Kind of long - can you shrink your pouch again
It has been awhile since I have been on here and have been doing bad. I know it, I have only lost 50 pounds and it is going on 2 years. I know the problem and it is me. I never dump, so I can eat anything, and I know I eat the wrong things. I am really trying to focus more and more. I know I am the only one who can do this, but it seams so hard to get back on track.
I am pretty sure I have made my pouch bigger, but I do not know if it can go back down, or will it stay big. I know it is more of a head thing for me, because I am full after eating an apple but I will keep eating bad things (chips, cookies, donuts) even though I am not hungry.
I tried to see a shrink but he kept asking me about my depression and it is like I am not depressed I love my job and my son, everything else seams to be ok in my life but I am addicted to food, the bad kinds.
I sometime wish I was back in the States in the hospital to have it done over again and wished I did not try that first chip, and then found out nothing happened, then I kept going. I kept waiting for dump and really wanted to dump, because I knew then that might stop me.

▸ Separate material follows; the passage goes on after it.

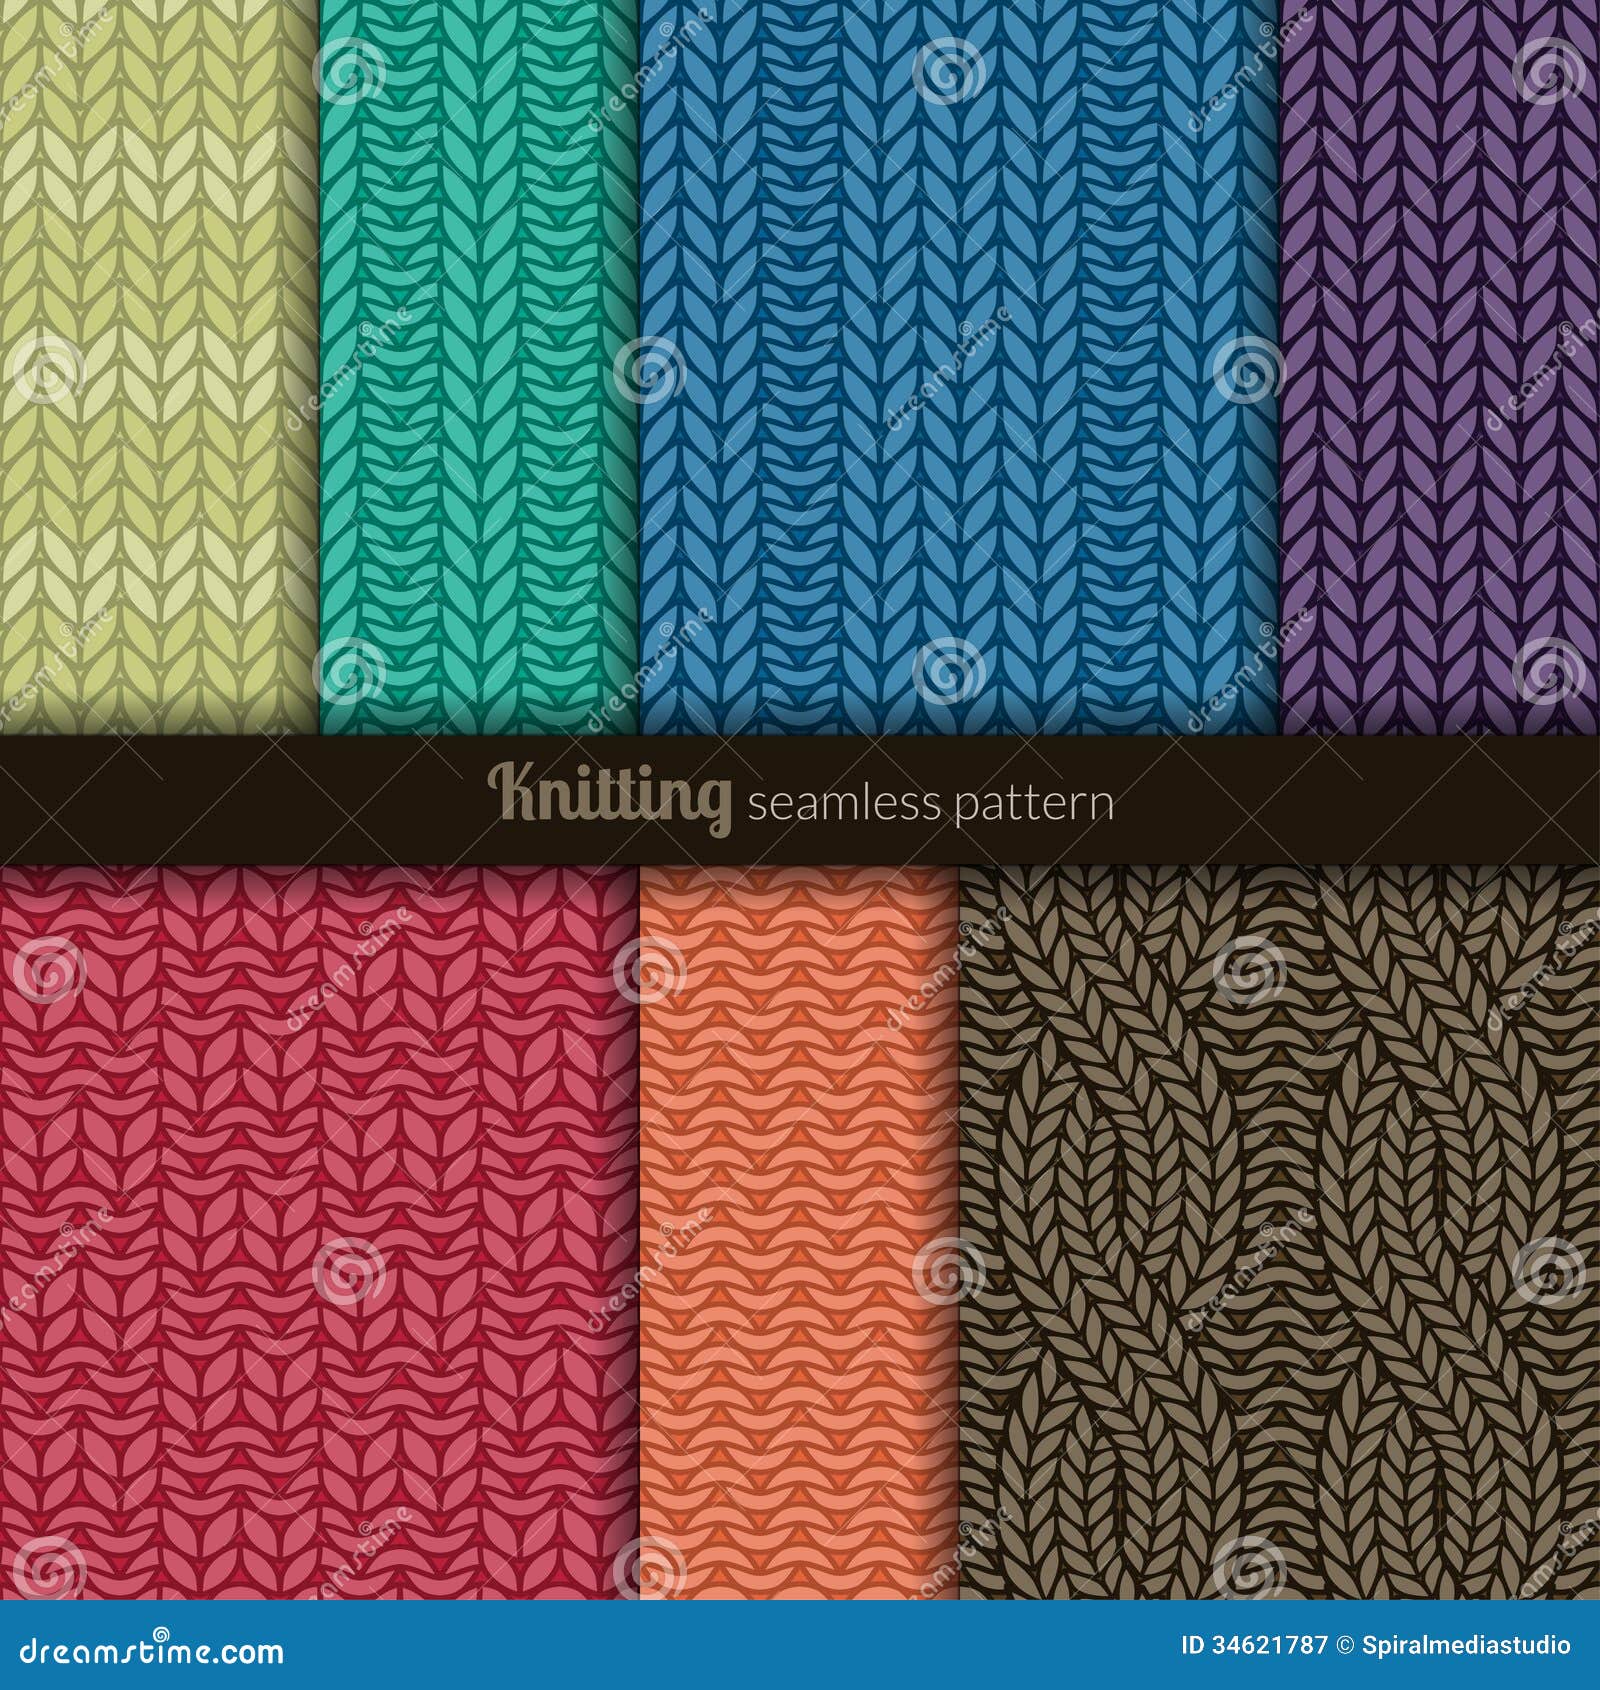 seamless patterns knitting style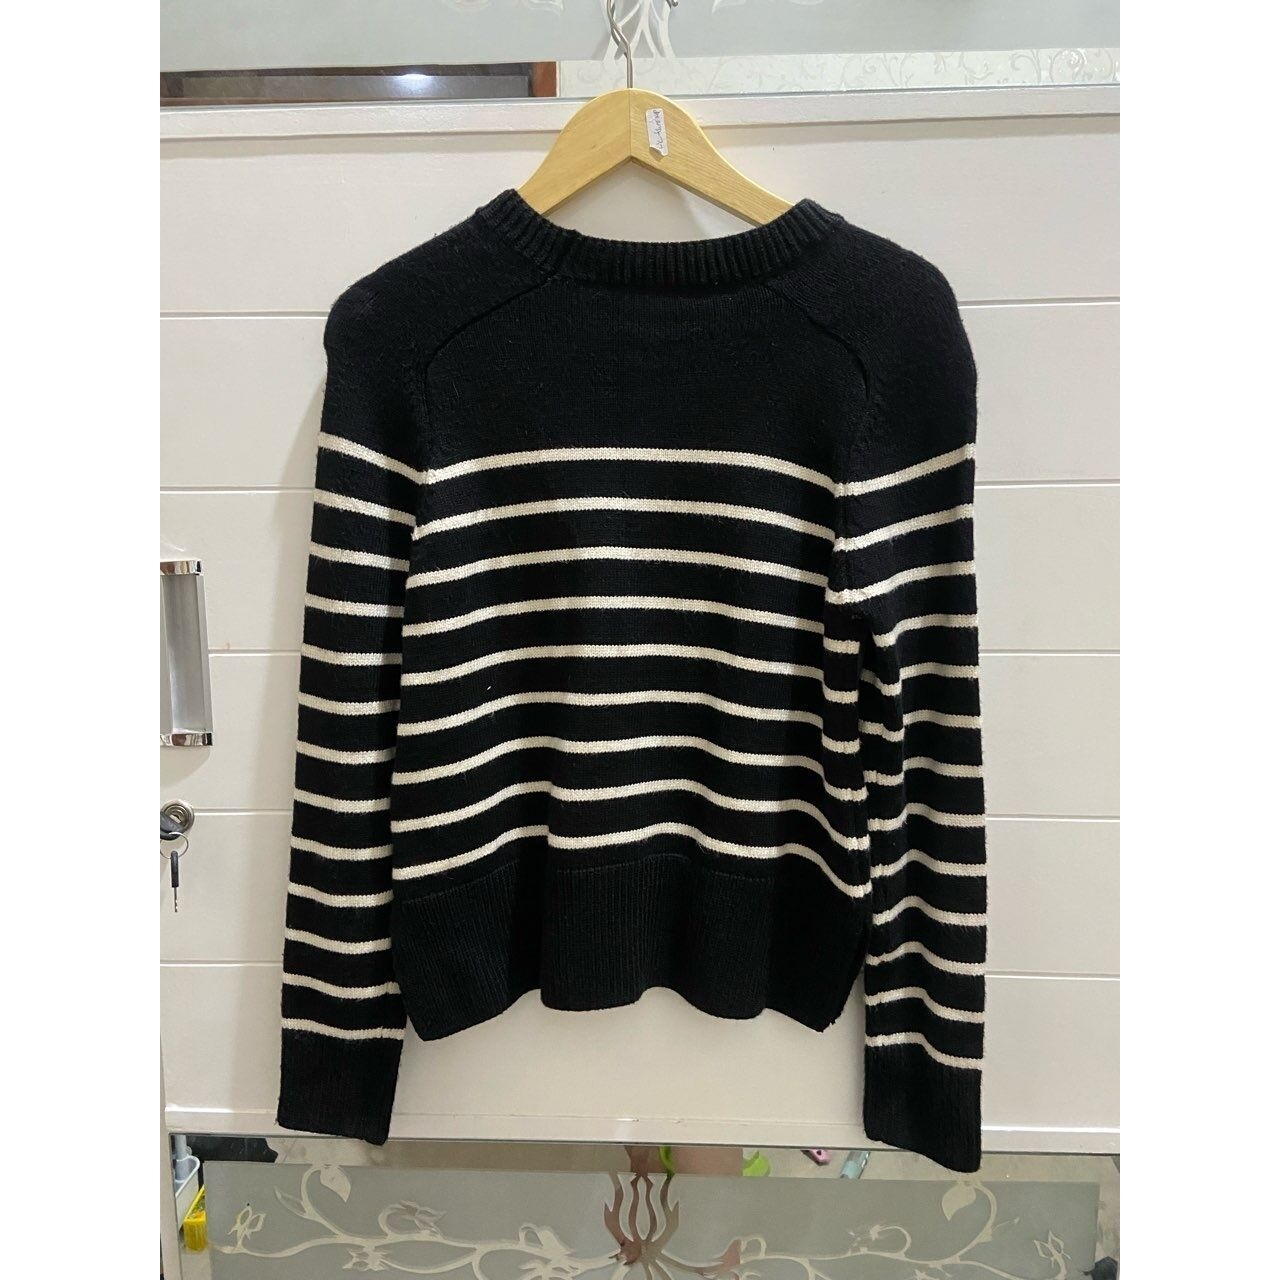 Zara Striped Knit Sweater

But I am one of the ones that does not. I always knew this was going to be my problem, as junk food was what was my problem before.
I have been reading the book "The Expert's Guide to Weight-Loss Surgery" by Dre Garth Davis from Big Medicine and really wish I would have read it before the surgery, as it, at least I find very helpful. He also explains that you have to try and get this food addition under control.
I am not sure where to go or turn for help. I thought this would be easy and the weight would just melt off. The other problem is I am diabetic, so everything I eat, Carb wise, I have to take insulin for. And of course I am eating the wrong things to begin with.
I just do not know when I will wake up and have one of those Oh I get it moments, because if I do not get that wake up call soon, I am afraid it will be to late to lose the weight.
Just rambling on, but if you know the answer to the question, can we re-shrink our pouch and how, that might help.
on 5/27/10 10:15 am - Canada
Thank you for your reply, and yes I think alot of it has to do with boredom, but not all, cause when I am at work and very busy, I still want to eat the wrong things. I have left that shrink, because he was not helping me and I knew it almost right away. I am going to ask my doctor for someone else, just not sure how long it will take.
You are right I and trying to look at how and what and why, and this is what I need from the professional.
Thanks for your reply
I can do hard things, life is teaching me that I can.
Lost 222lbs with rny, 20 lbs regain.
Plastics, July 2010 with Dr. Sauceda in Monterrey, Mexico
Thank you for your support, I know that I need to find someone with a food addiction background, I have always know this since I figured out I am having problems, just it is to get my Doctor to find the right person. I did go to followups for the first 6 months but then I need a passport and have not got one for me, plus I have Dr. Dent to follow me up here. Dr. Graber has release me into Dr. Dents care because we knew we would not be going back to the States, which Dr. Graber said was ok.
I know in my heart I want it, have always wanted it, but I also know there is something within myself that is stopping me, from doing it, I know I am finally seeing this, and I am hoping that now that I see this I will finally figure it out. I think I am ready.
Thank you for your reply.
Thank you for your reply
I am pre-op and I'm sure there will be others with much more experience who will contribute Have you tried this? http://www.5daypouchtest.com/ I've heard it mentioned before. I have been seeing a therapist who specializes in eating disordered patients and I highly recommend it. A book that's just come out is Geneen Roth's "Women, Food and God" which is a great resources as well.
You can certainly gain control back if you want to. Do you really want to? It'll mean dealing with whatever is making you eat. Food is your drug of choice, so it's not really about the pouch, it's about how you're dealing with emotional issues.
I think lots of people struggle, so you're not alone. I'm working on this now before I have surgery, anticipating the challenge.
The 5 day pouch test is just like putting a bandaid on the problem. Yes your pouch will shrink because you are not putting much in it, but like any crash diet you go back to bad habits unfortunately.
Sorry I don't mean to be negative, but I have tried it a few times and yes it does work but the effect does not last once you start over filling the pouch again
Thank you for your response. I have that book on order, I am reading everything I can get my hands on to help me stop this eating. I am trying and one thing I know I should have never done and even thought I am having this problem now. I give you this advise, do not try that one thing that you are missing. I know if I never would have tried that first chip I would have been fine, because the first 7 months I did great, but as soon as I went back to the carb and the bad ones, it took over.
Good luck to you with the surgery, Even though I am having this problem, I would never had not had the surgery, because it has help alot in other ways.